Two ASUS NUC 15 Pro+ units. 96GB RAM each, 4TB NVMe each. Proxmox cluster. Everything provisioned by Terraform, configured by Ansible, deployed on push to main. No web UI clicks.
The goal was not "another homelab." It was applying production IaC practices to hardware I own, and seeing where the abstraction breaks down.
LXC Over Kubernetes
I ran k8s professionally for years. For a homelab running 15 services -- Jellyfin, Nextcloud, Sonarr/Radarr, Paperless-ngx, Mealie, plus a full Prometheus/Grafana/Loki monitoring stack -- Kubernetes is the wrong tool. The operational overhead of etcd, control planes, and YAML sprawl buys you nothing at this scale.
LXC containers give you the isolation that matters: sub-5-second boot times, per-container snapshots, dedicated resource limits. Without the orchestration tax.
The Pipeline
Terraform provisions containers declaratively. Ansible configures them. A GitHub Actions runner -- itself in a dedicated LXC container on the NUC -- applies changes on merge to main. Clean on paper.
In practice, every layer fought back.
Where It Broke
Tailscale DNS in LXC is fundamentally broken. The Tailscale daemon rewrites /etc/resolv.conf. The container's network config overwrites it again on restart. DNS dies. The fix is chattr +i /etc/resolv.conf -- making it immutable. It is ugly. It has not failed in six months.
192GB RAM is not generous. Fifteen services at 65% utilization (125GB). Jellyfin transcoding spikes to 4GB alone. Without hard memory limits on every container, one spike cascades into OOM kills across the node. I now set explicit ceilings on everything and disable swap entirely.
Backup storms. Running all backups at 2 AM created IO contention that spiked Nextcloud response times past timeout thresholds. Staggering across a 3-hour window fixed it. I only caught it because Prometheus was alerting on p99 latency.
Proxmox Backup Server does not belong in LXC. PBS needs direct block device access for efficient incremental backups. In an LXC container, it silently degrades to slow full-image reads. I burned a weekend before moving it into a lightweight VM.
What I Got Wrong
Monitoring should be the first service deployed, not the last. Half the problems above would have been caught on day one with Prometheus in place. I deployed it after the fact and immediately found three issues I had been ignoring.

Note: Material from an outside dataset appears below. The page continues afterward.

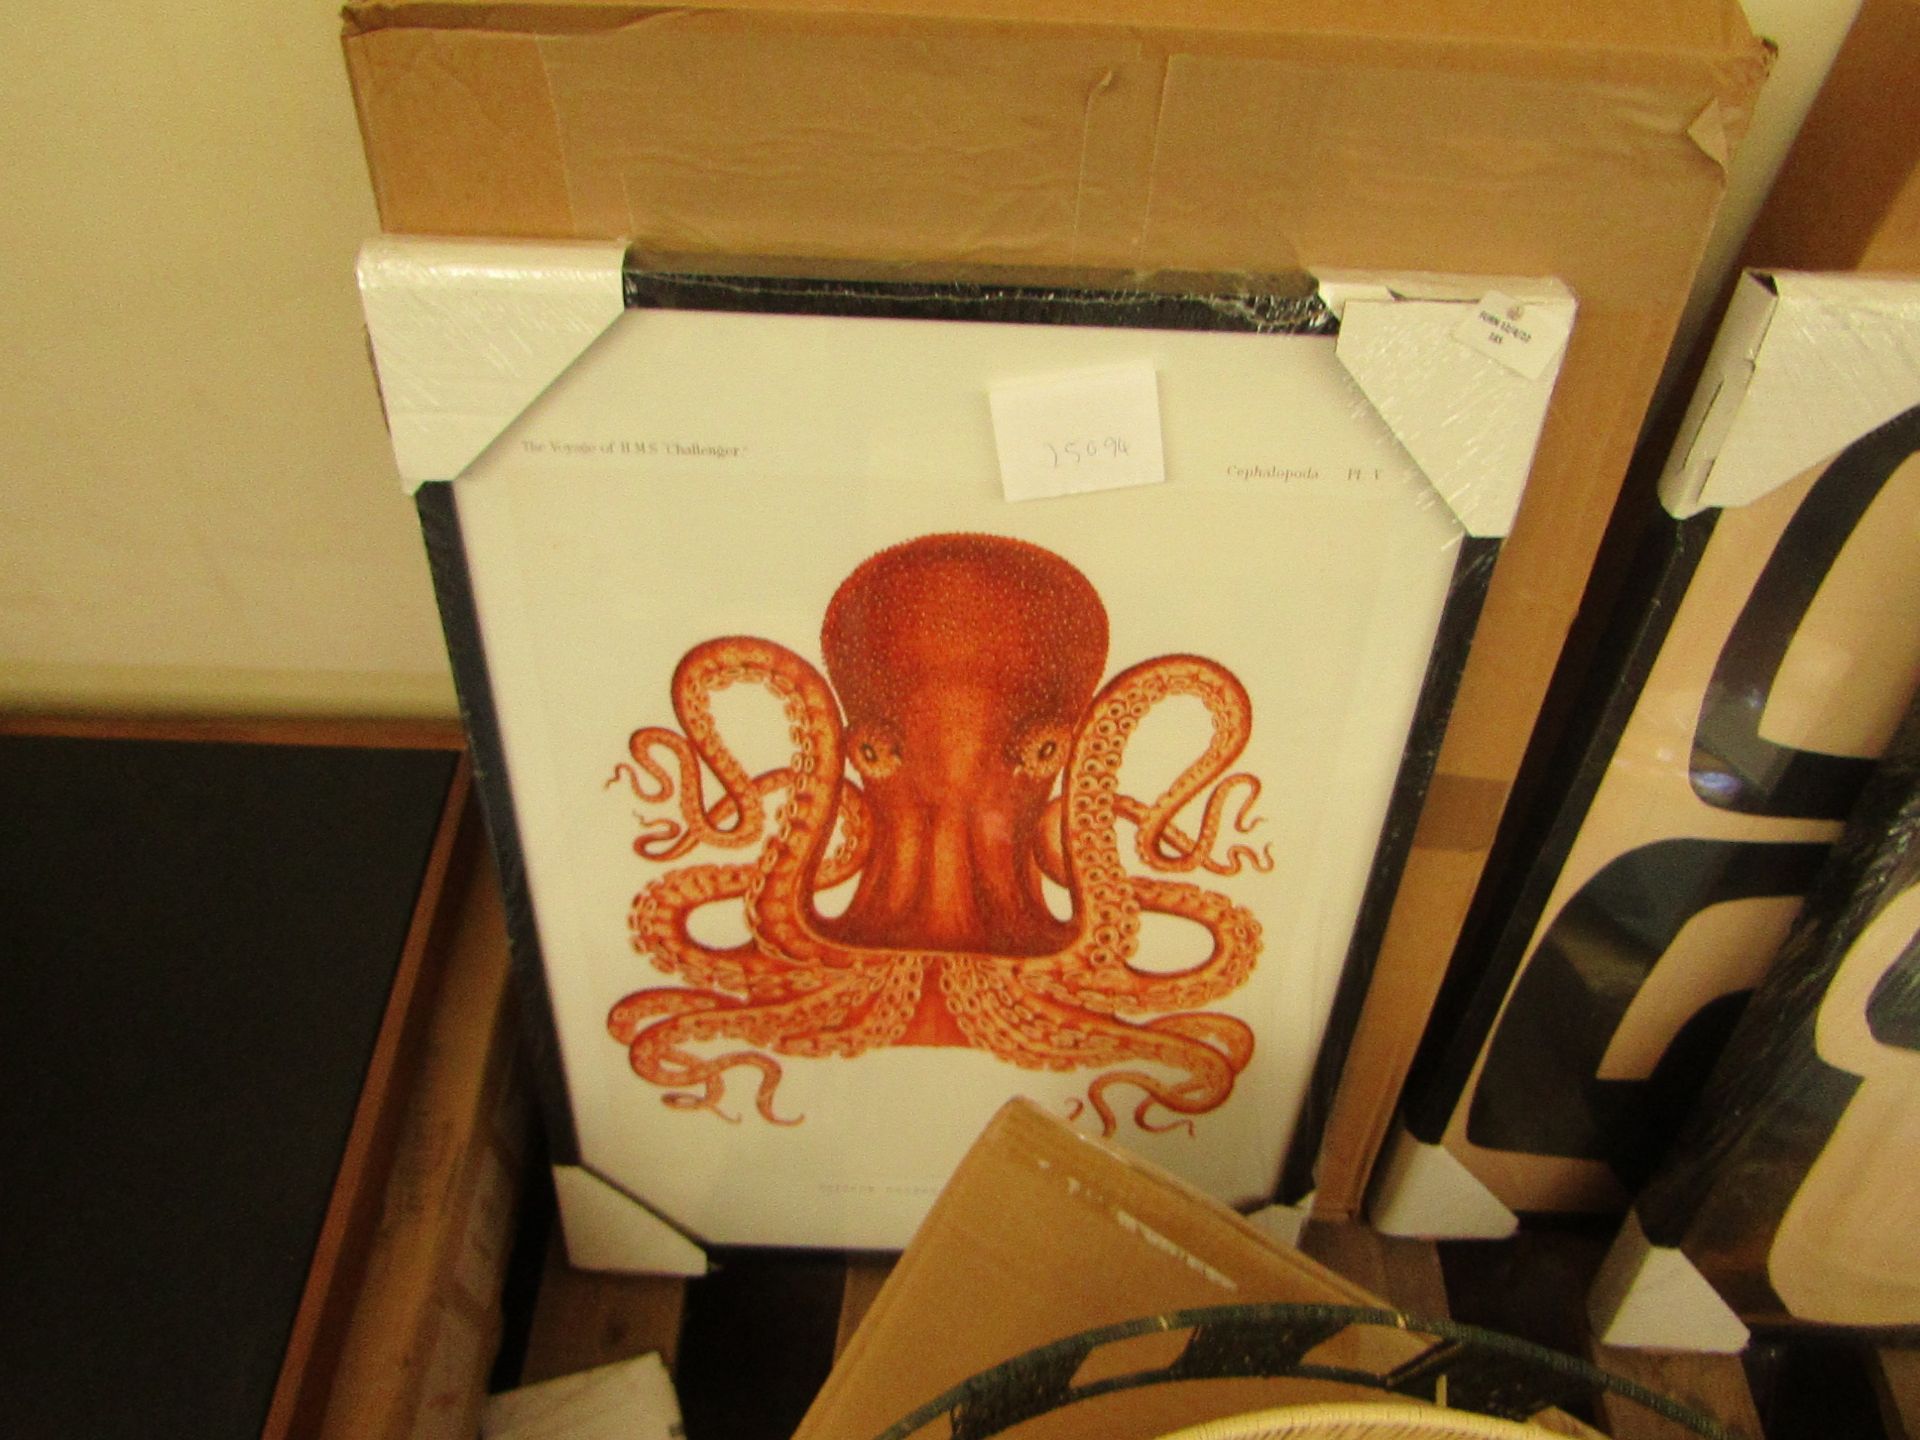 | 1X | MADE.COM NATURAL HISTORY MUSEUM VINTAGE OCTUPUS FRAMED PRINT | GOOD CONDITION & BOXED |
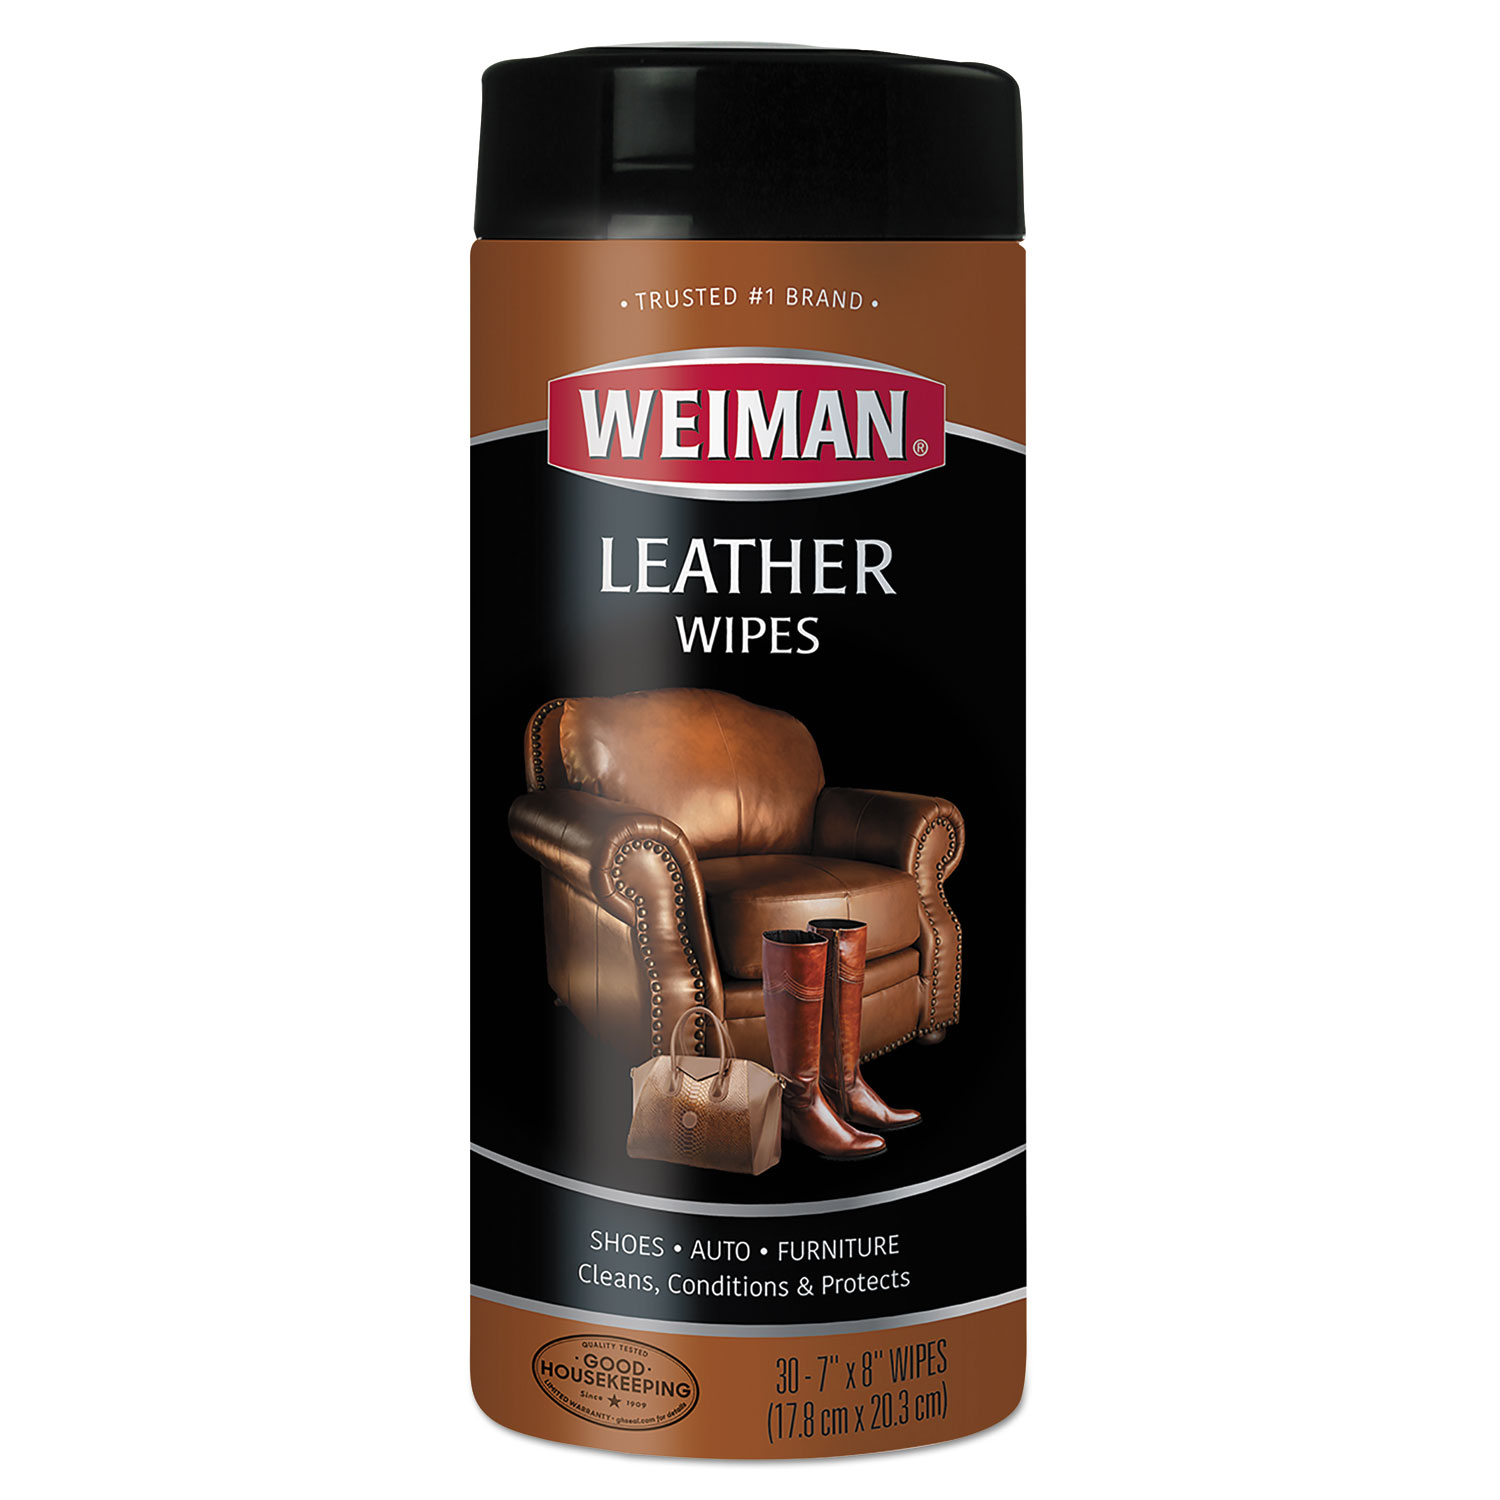  WEIMAN 91 Leather Wipes, 7 x 8, 30/Canister (WMN91)

Five VLANs on day one was over-engineering. Management, DMZ, internal, IoT, lab -- the firewall rules between them created debugging complexity that was not justified at homelab scale. Two VLANs (trusted, untrusted) would have been sufficient to start. Add segmentation when you have a real threat model, not a theoretical one.
Backup restoration needs a schedule. I can rebuild the entire infrastructure from scratch in under 2 hours. But only because I tested it. The first restoration test revealed my Restic backups to Backblaze B2 were silently skipping a critical Nextcloud database dump.
The Numbers
Six months in: 99.94% uptime (one planned maintenance window). 65% RAM utilization, 15% CPU average. 70W idle, 170W under load. Monthly cost: $19 for electricity and Backblaze B2.
Equivalent cloud infrastructure runs $200+/month. The hardware paid for itself in four months.
The Actual Lesson
The single biggest improvement was migrating from a monolithic Docker host to dedicated LXC containers. Jellyfin transcoding no longer tanks Nextcloud. Snapshots are per-service. Logs and metrics are scoped. Failures are contained.
The best infrastructure disappears. This setup runs without me thinking about it, which was the entire point of building it.